→ What you are asked to do
Somewhere below are a line with "Maternal Health Review Uganda" and a later line with "Panorama des Hoodoos". Output exactly those lines and all lines between them.

→ Extracted data
# # #

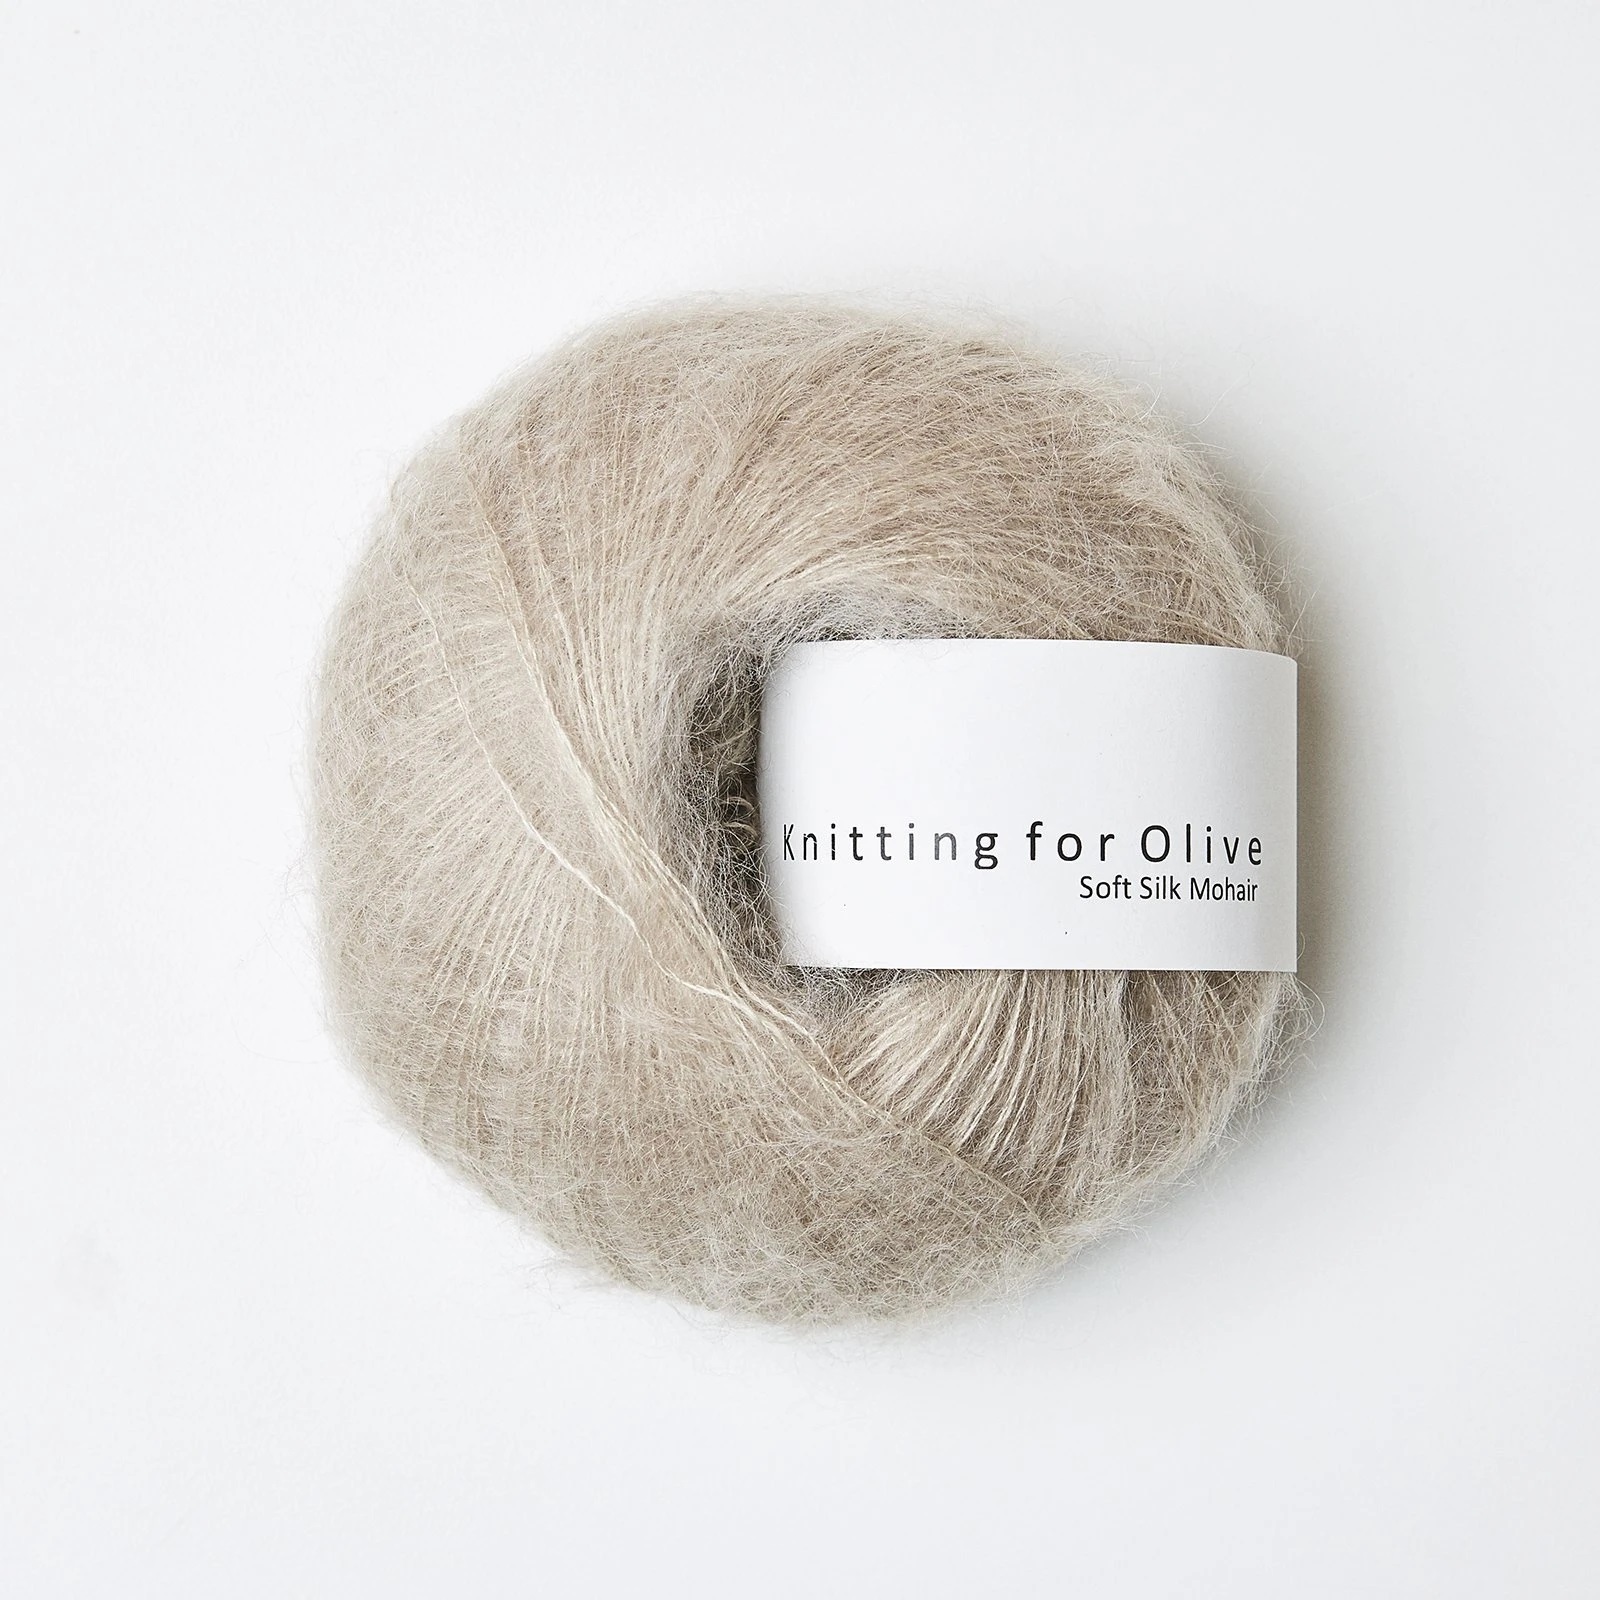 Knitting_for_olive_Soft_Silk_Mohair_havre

# # #

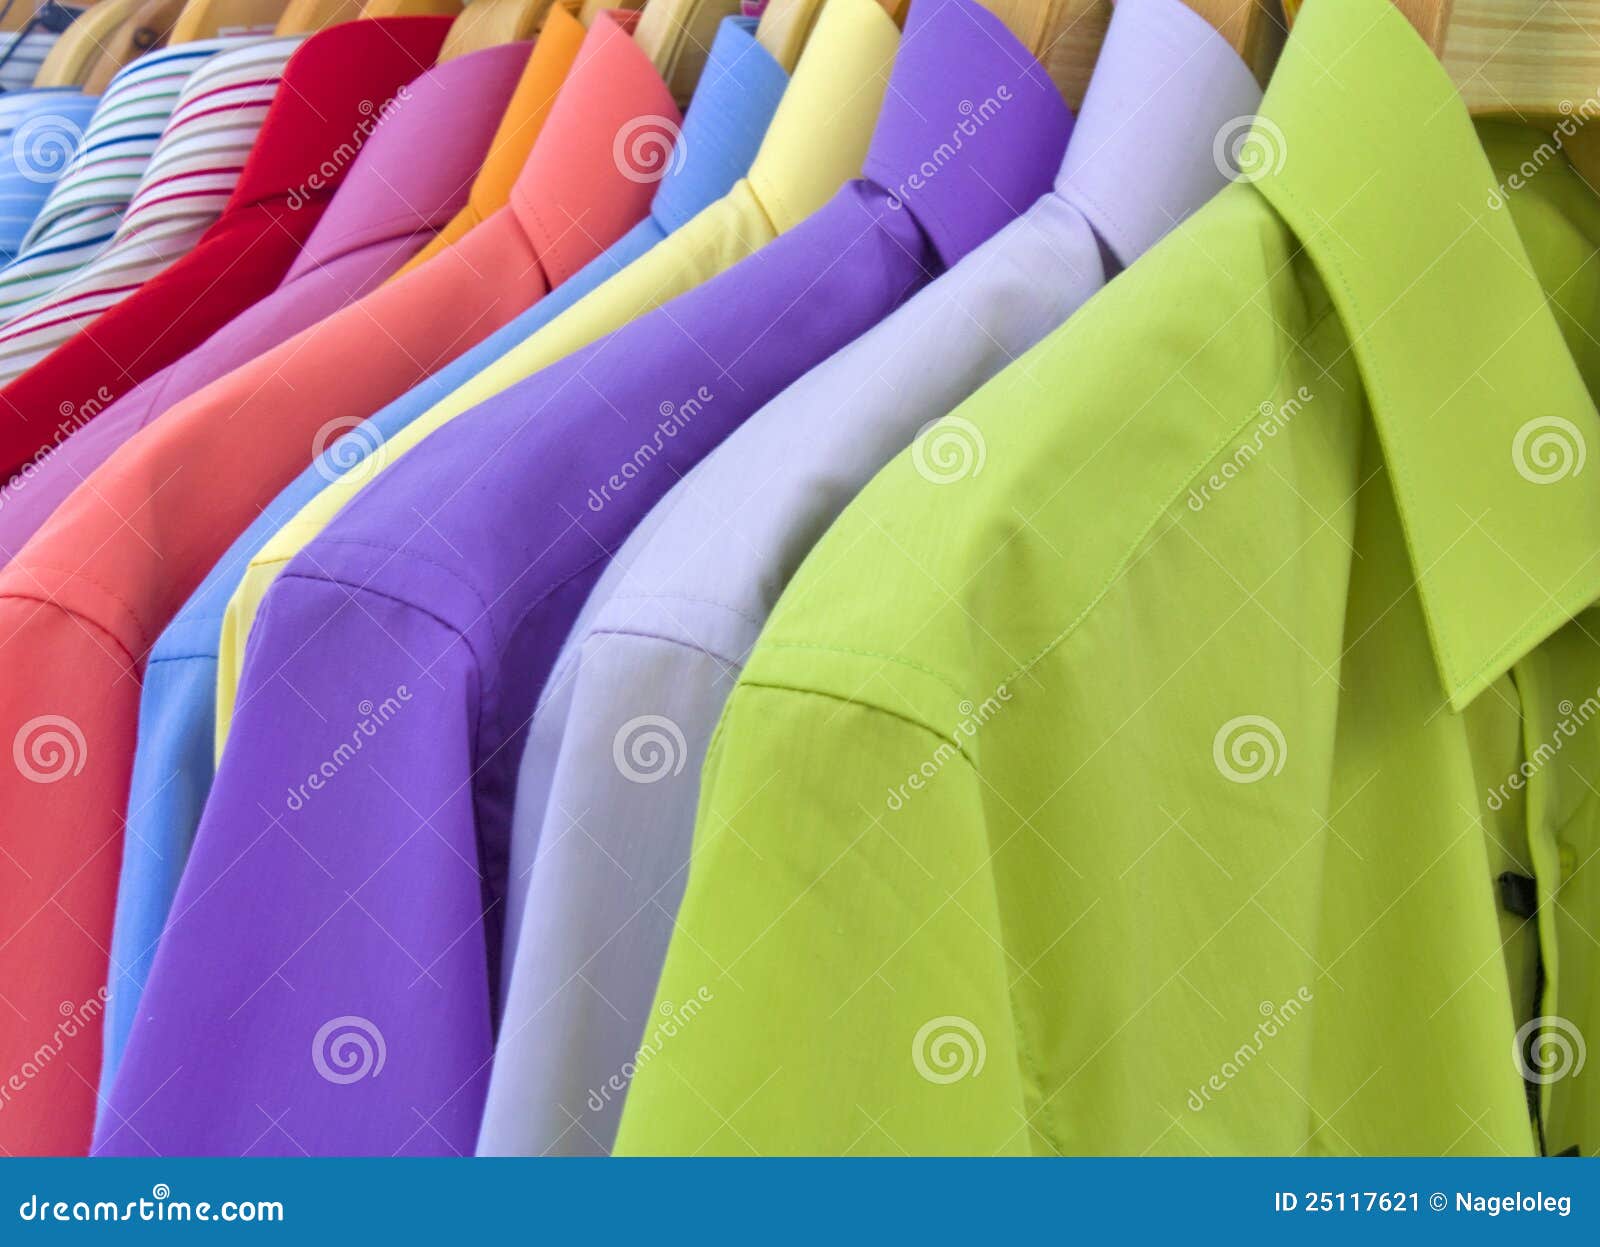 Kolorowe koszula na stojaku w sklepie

# # #

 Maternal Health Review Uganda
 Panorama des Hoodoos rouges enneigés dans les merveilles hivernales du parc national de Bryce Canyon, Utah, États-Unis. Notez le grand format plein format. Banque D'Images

# # #

→ Response for this exercise
 Maternal Health Review Uganda
 Panorama des Hoodoos rouges enneigés dans les merveilles hivernales du parc national de Bryce Canyon, Utah, États-Unis. Notez le grand format plein format. Banque D'Images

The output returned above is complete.